Assignment
Reproduce all the data exactly, without pictures.

Data shown
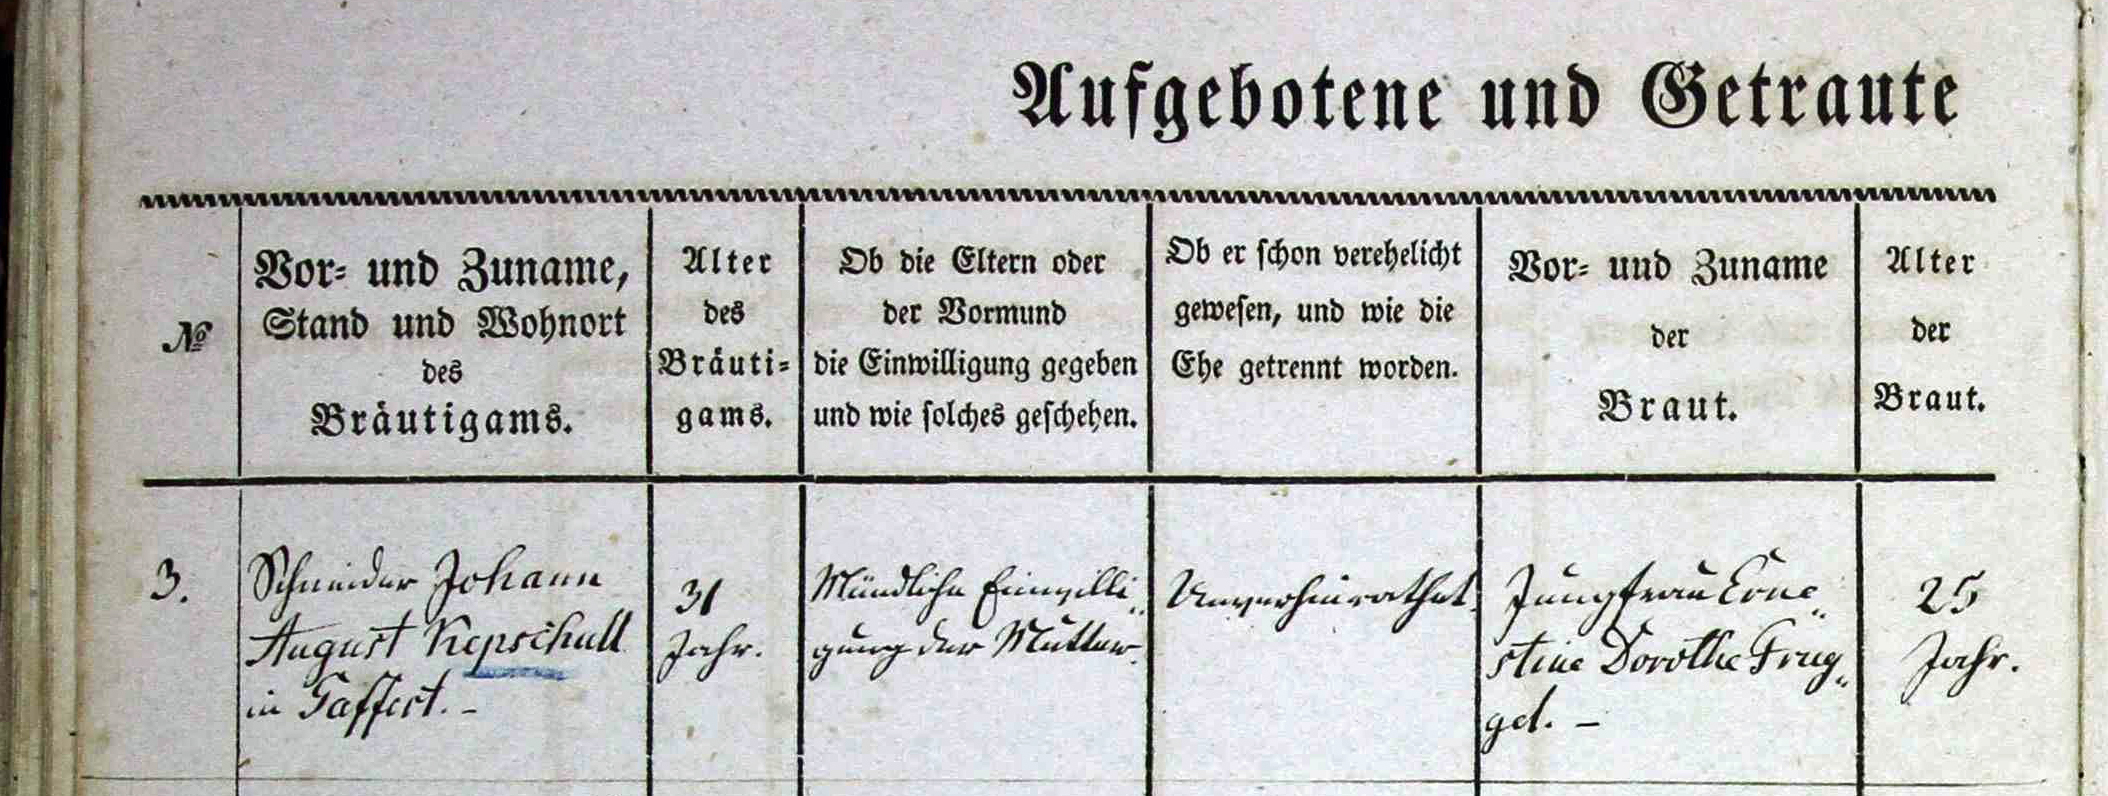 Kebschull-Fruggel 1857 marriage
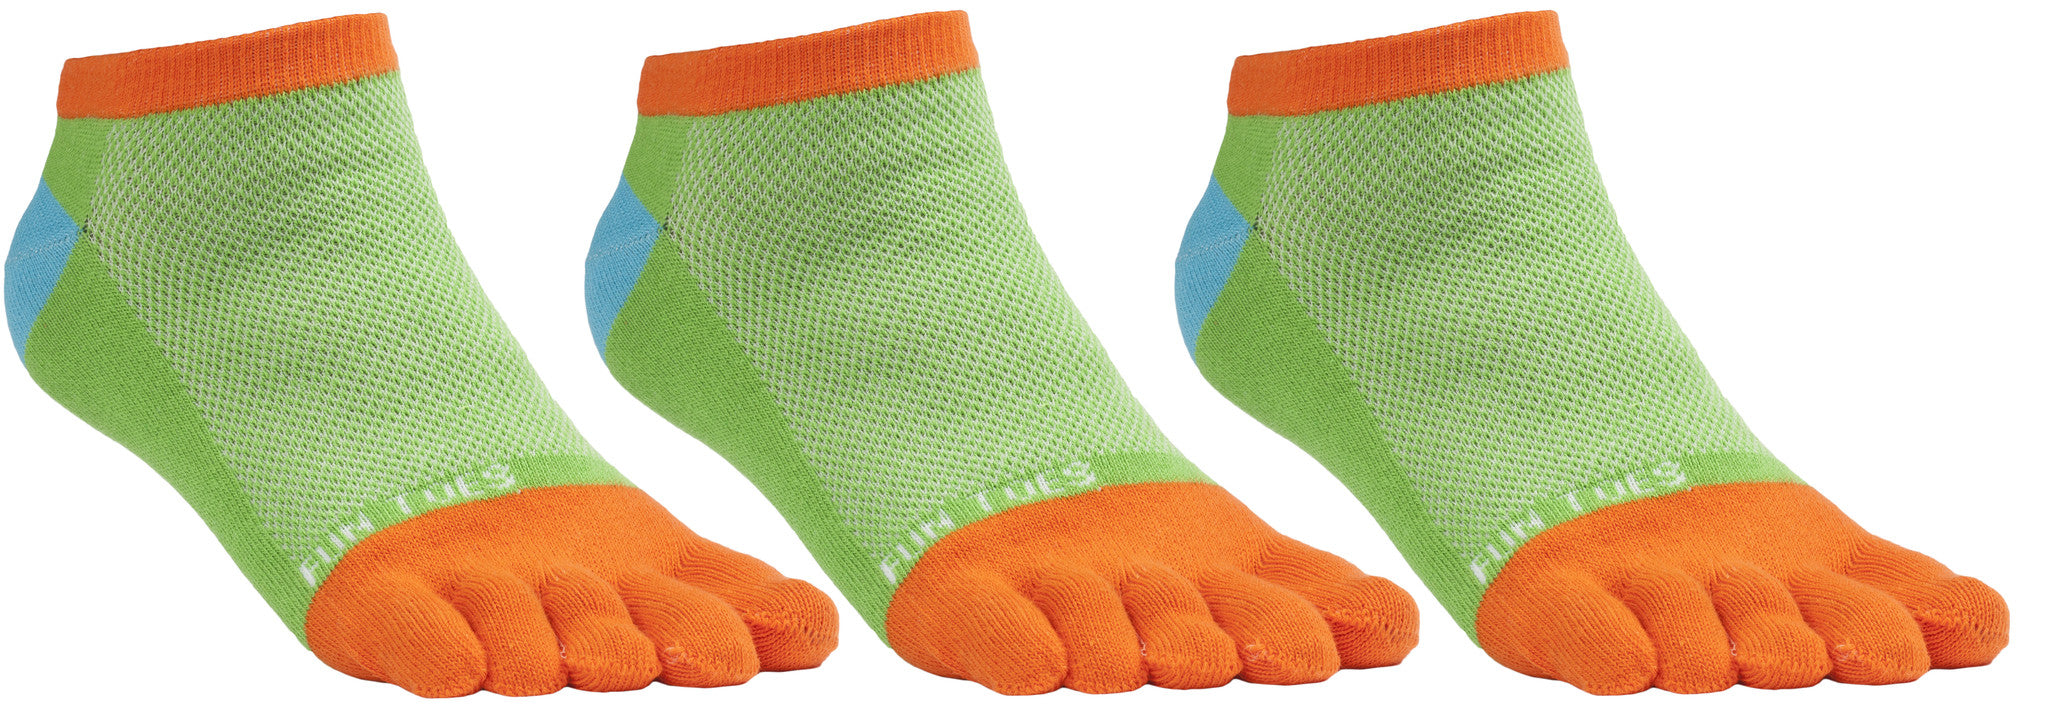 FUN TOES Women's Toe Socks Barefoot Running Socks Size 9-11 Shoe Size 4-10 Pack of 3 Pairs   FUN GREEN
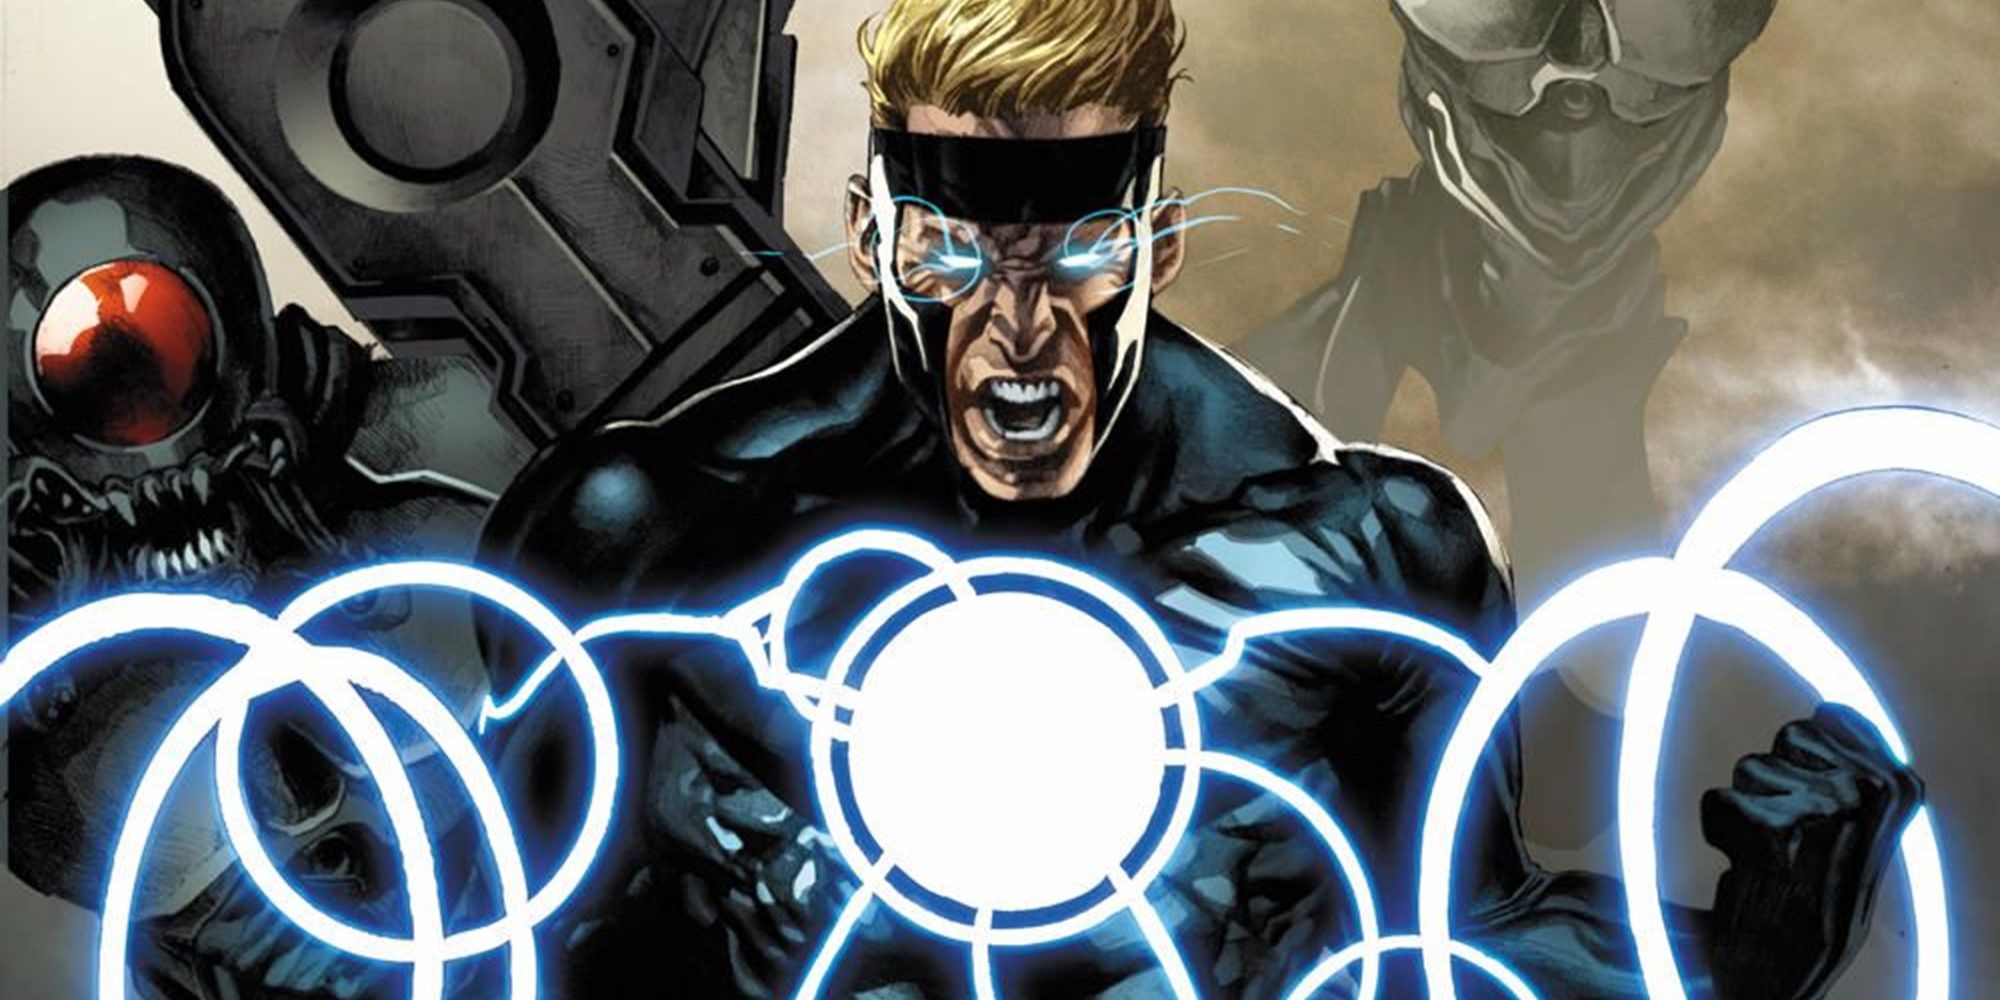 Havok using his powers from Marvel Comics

Solution to this problem
 Kebschull-Fruggel 1857 marriage
 FUN TOES Women's Toe Socks Barefoot Running Socks Size 9-11 Shoe Size 4-10 Pack of 3 Pairs   FUN GREEN
 Havok using his powers from Marvel Comics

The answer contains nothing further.